Veterans say thanks by building new garden
Published: Tuesday, April 9, 2013 at 8:40 p.m.
Last Modified: Tuesday, April 9, 2013 at 8:40 p.m.
U.S. Army veteran Tim Chappell stood atop a truck bed filled with soil Tuesday at the Sunshine Inn, shoveling it over the edge into a garden bed alongside Ellen Vessels of Florida Organic Growers.
Below them, a few more veterans who live at the inn on Northwest 13th Street helped transfer soil while Clarence Mims, yet another Army veteran, raked the soil that had already been dumped into one of four wooden beds they had built earlier that day.
Mims, who was among the six or so veterans who helped set up the garden beds Tuesday, has been staying at the inn for about a month.
"I've got a big puzzle to put together," he said of his life. "It's not easy, but I'm trying."
Tuesday marked the beginning of the Sunshine Inn's new vegetable garden, a piece of a larger project initiated by the veterans who live there to spruce up the place's landscape.
The Sunshine Inn, which is owned by the Alachua County Housing Authority, provides transitional housing for homeless veterans. Fifteen veterans live there, and it has space for up to 20 residents, said Dale Elzie, who supervises the inn's housing program.
The budding vegetable garden is one step in this long-range beautification goal. The veterans plan to make other landscape improvements and hope to receive donations of gardening tools and other items for the project.
Those who stay at the Sunshine Inn will be able to use vegetables from their garden when they cook and will be responsible for maintaining it.
"We just wanted to do something to give back," Chappell said. "Basically...we're trying to say thank you to the people who helped us out."
Chappell, 53, has lived at the inn since mid-January and said the program helps veterans become self-sufficient again. There's some structure to life there since residents are expected to pursue work or volunteer opportunities. The place has been a godsend to him.
"We're not just laying around soaking up the air conditioning and watching TV," he said.
Travis Mitchell, community food project coordinator for FOG, said the veterans' garden is part of the organization's Gainesville Initiative for Tasty Gardens, or GIFT Gardens. Florida Organic Growers built the raised-bed garden Tuesday and will supply plants, fertilizer and other resources for free for a year.
The program has established GIFT gardens at about 270 sites in Alachua County, Mitchell said. It promotes organic, sustainable agriculture and aims to make it accessible to all people.
Ricko Turner, who has lived at the inn off and on for the past year and has a master's degree in engineering technology, said the place has provided him with peace of mind as he searches for a job.
Turner, who served in special forces for the Army during the Gulf War, couldn't help shovel soil Tuesday because he had surgery that morning related to a piece of shrapnel he has had in his stomach since 1990.
"But I said I wasn't going to miss this because there's a lot of people giving so much time and energy just to make this happen for a bunch of veterans," he said.
Turner thinks caring for the peppers, tomatoes, eggplant and other vegetables that will eventually be planted will be a therapeutic tool for veterans, giving them something proactive to do with their free time.

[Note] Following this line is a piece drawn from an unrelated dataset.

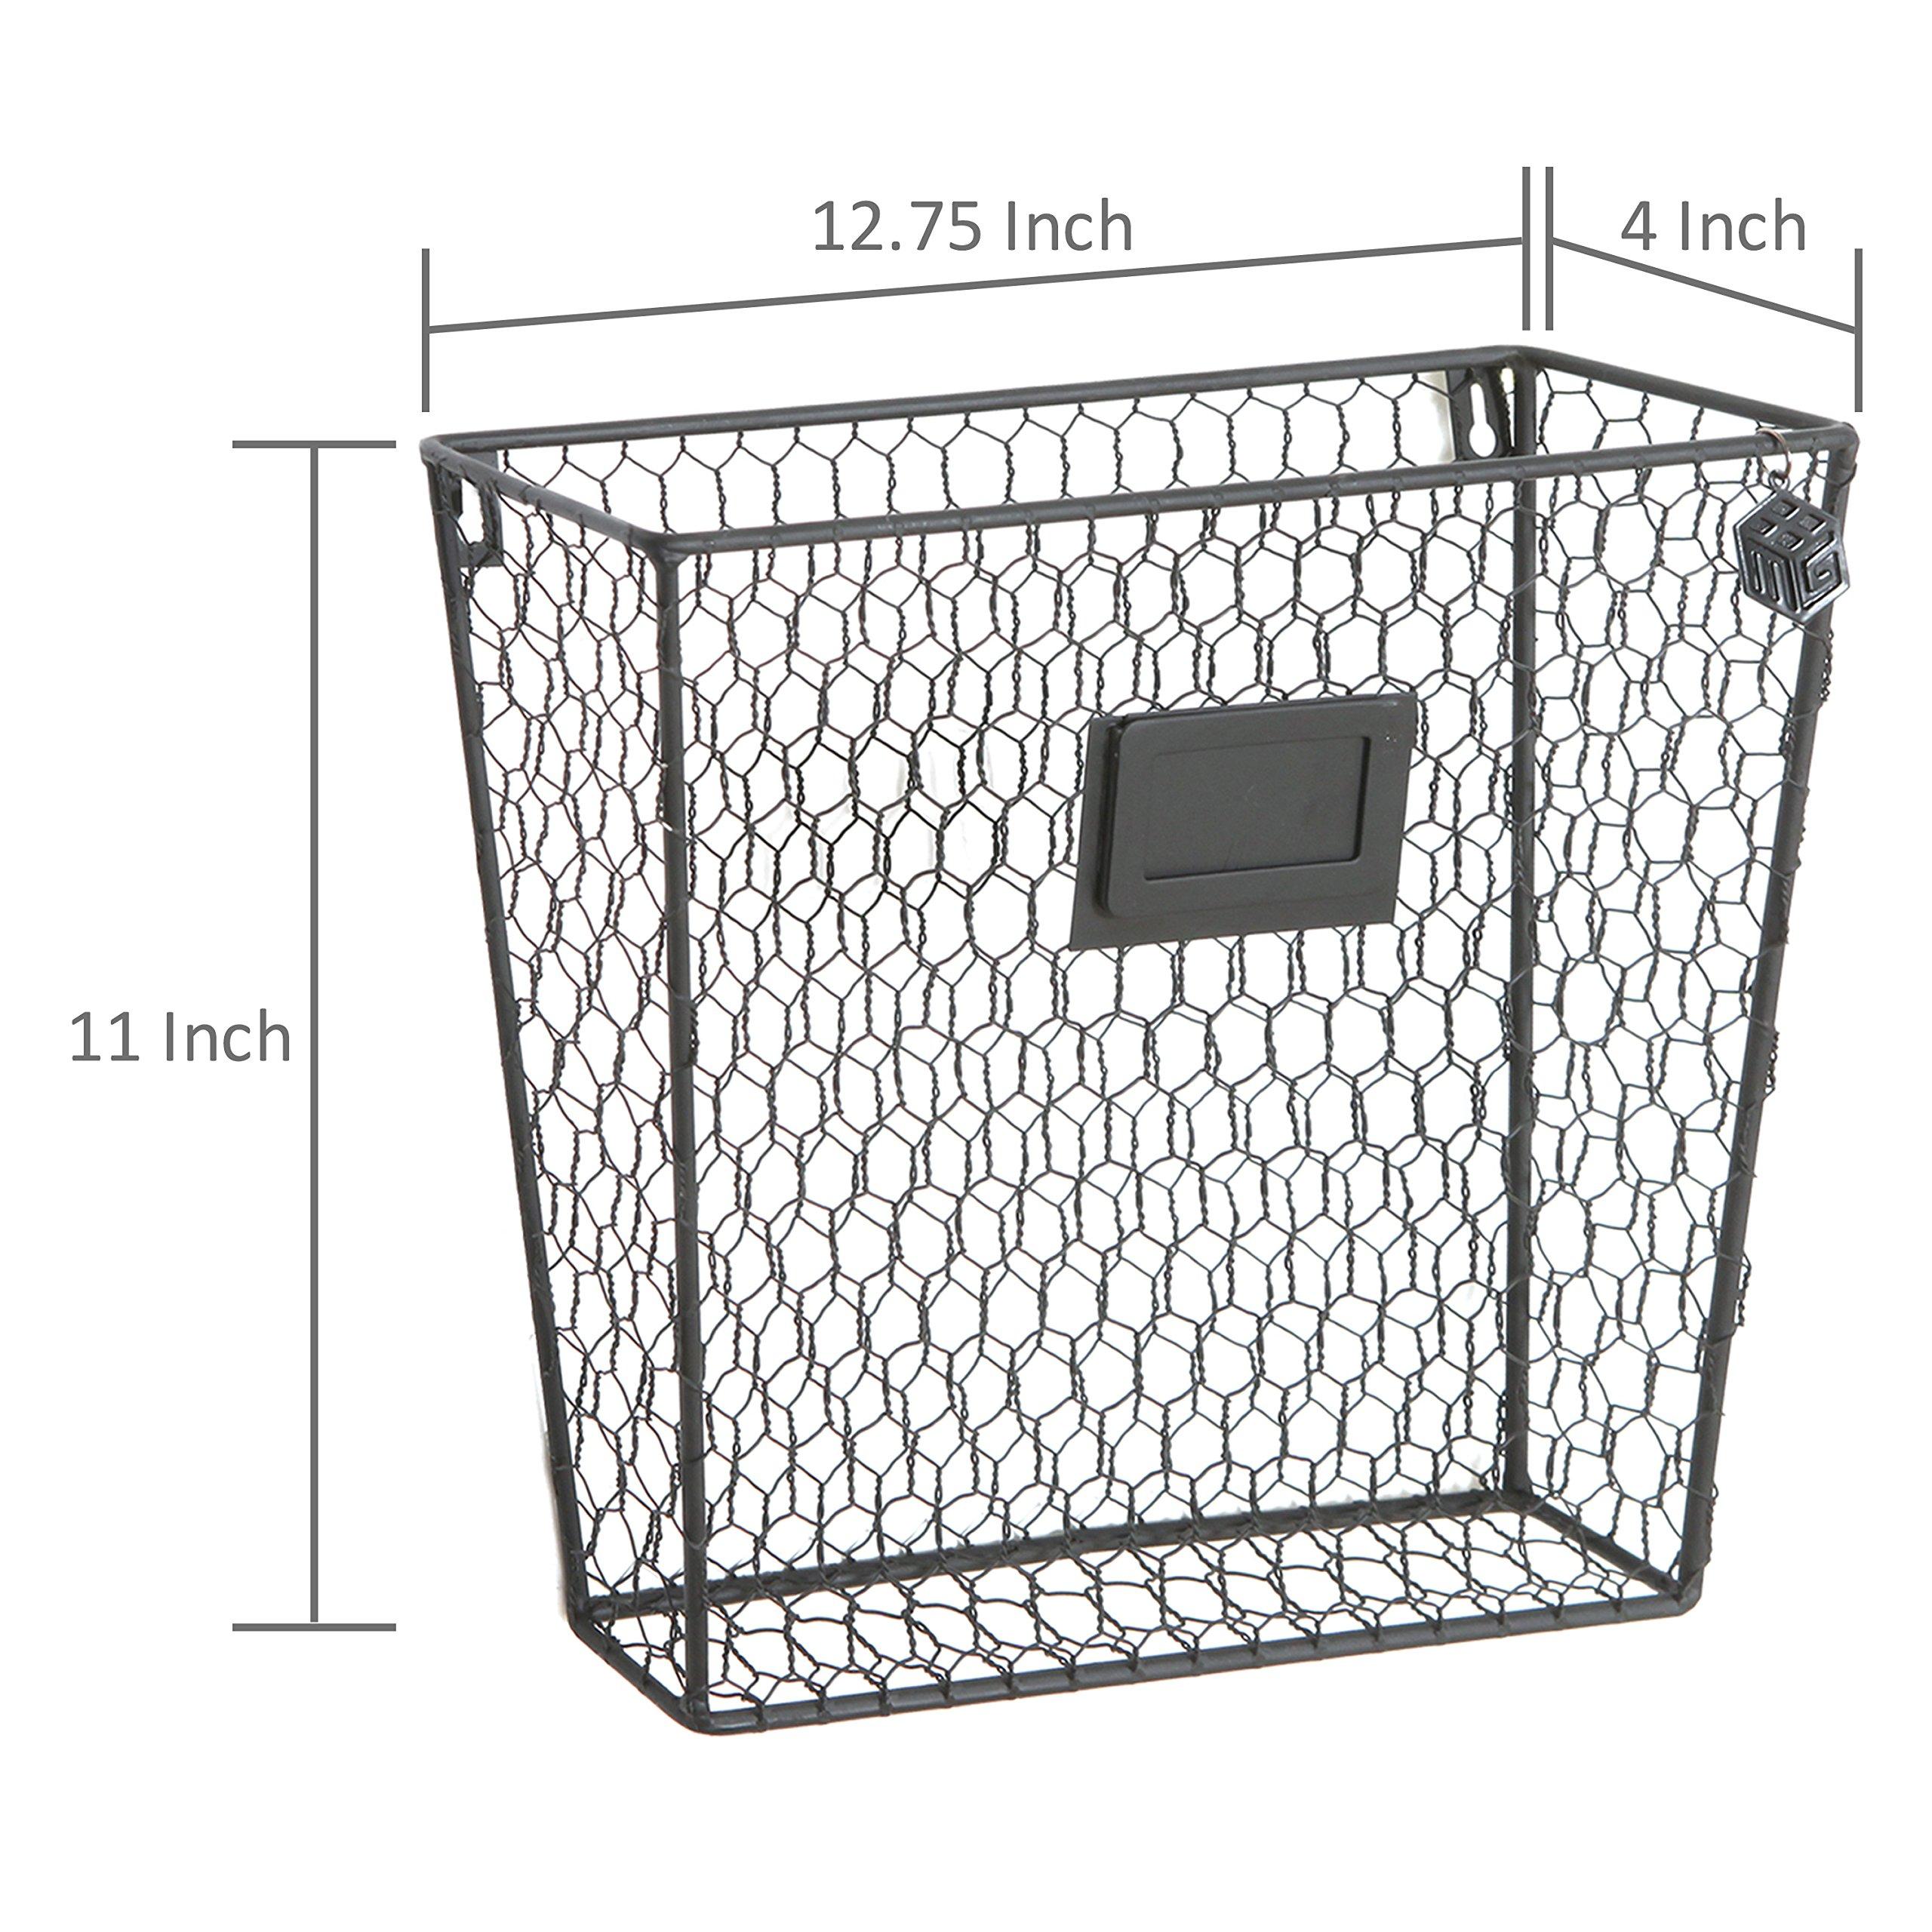 MyGift Rustic Chicken Wire Wall-Mounted Magazine & File Folder Baskets w/Chalkboard Label Inserts, Set of 2 by MyGift (Image #7)
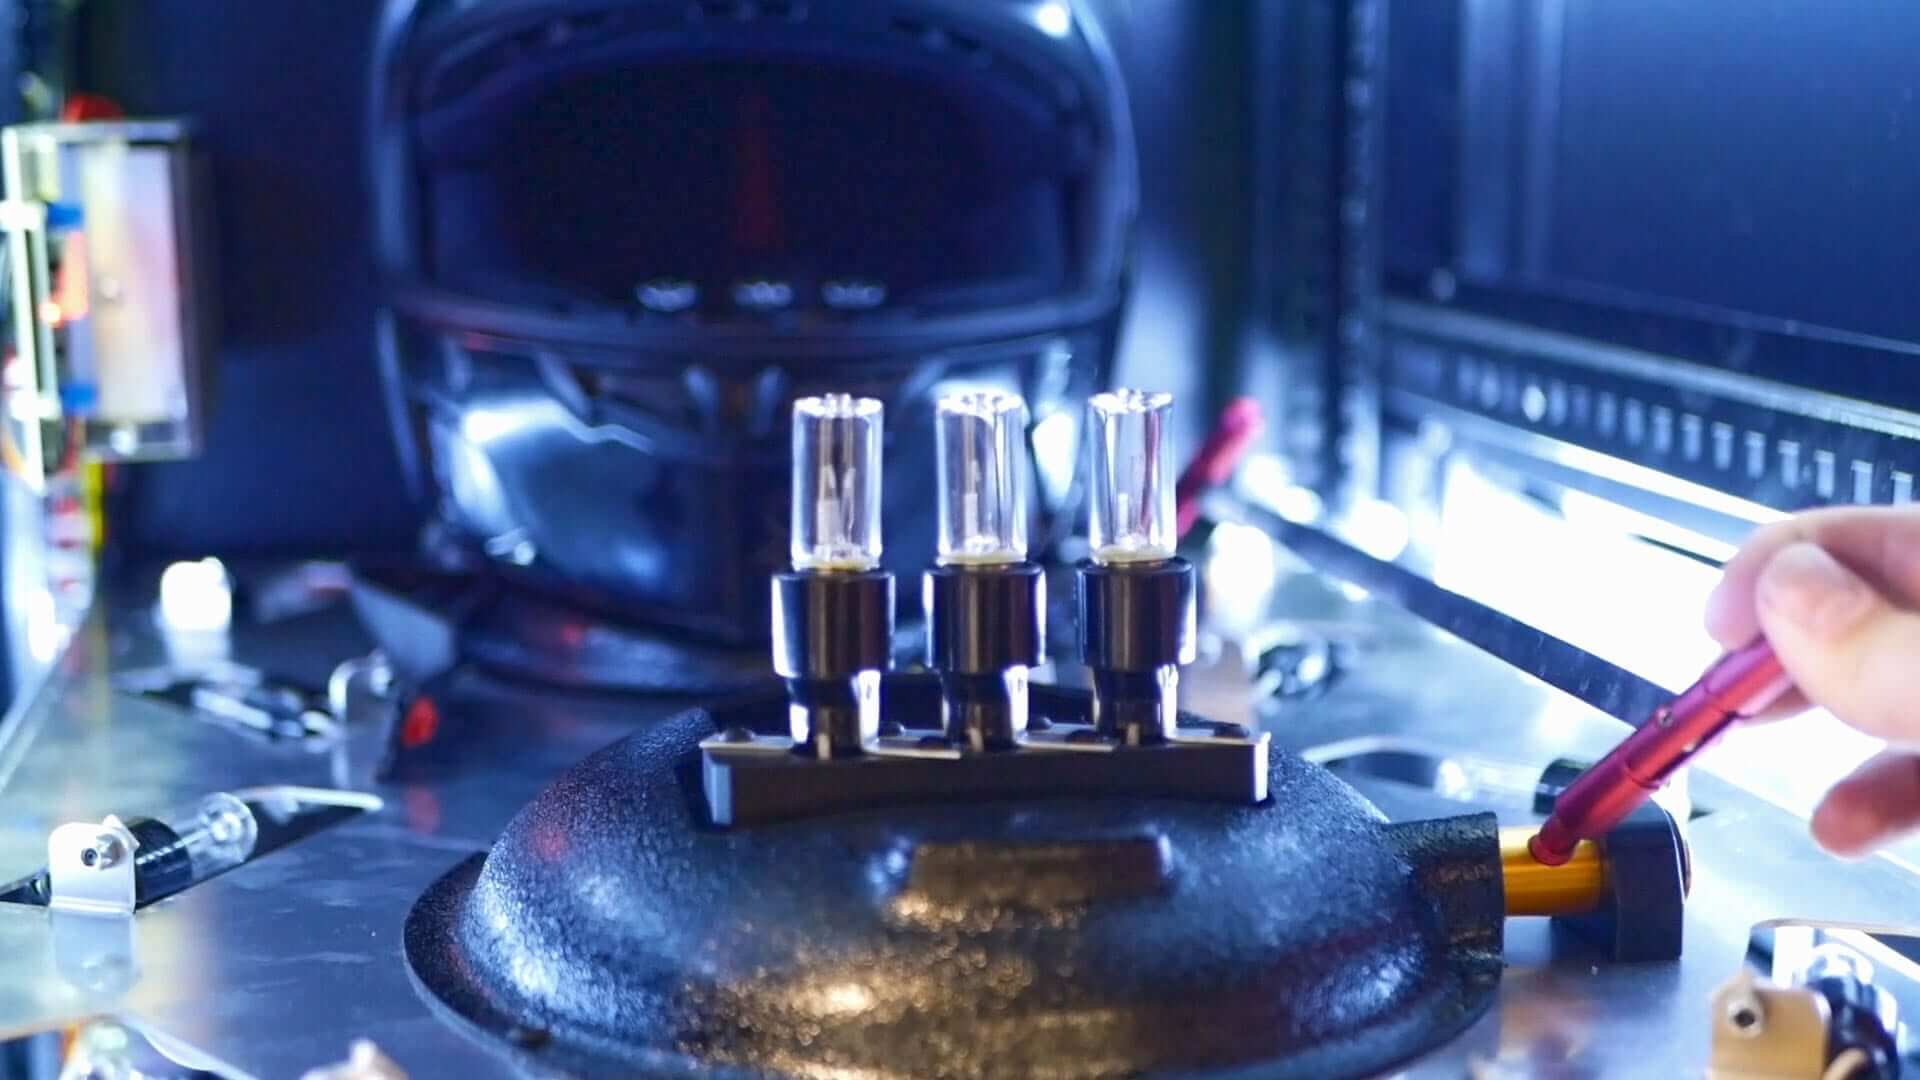 saniboxx4 - Cutting Edge Technology Making Return To Karting Safer Than Ever

Linda Solis, a U.S. Navy veteran who has lived at the inn since last July, said the garden will be good for the next set of veterans who stay there.
Solis, 53, was homeless for a few years following her divorce, but now she is a full-time student at Santa Fe College. The community of veterans at the Sunshine Inn has been a comfort.
"This is not like a shelter," she said. "This is like a home."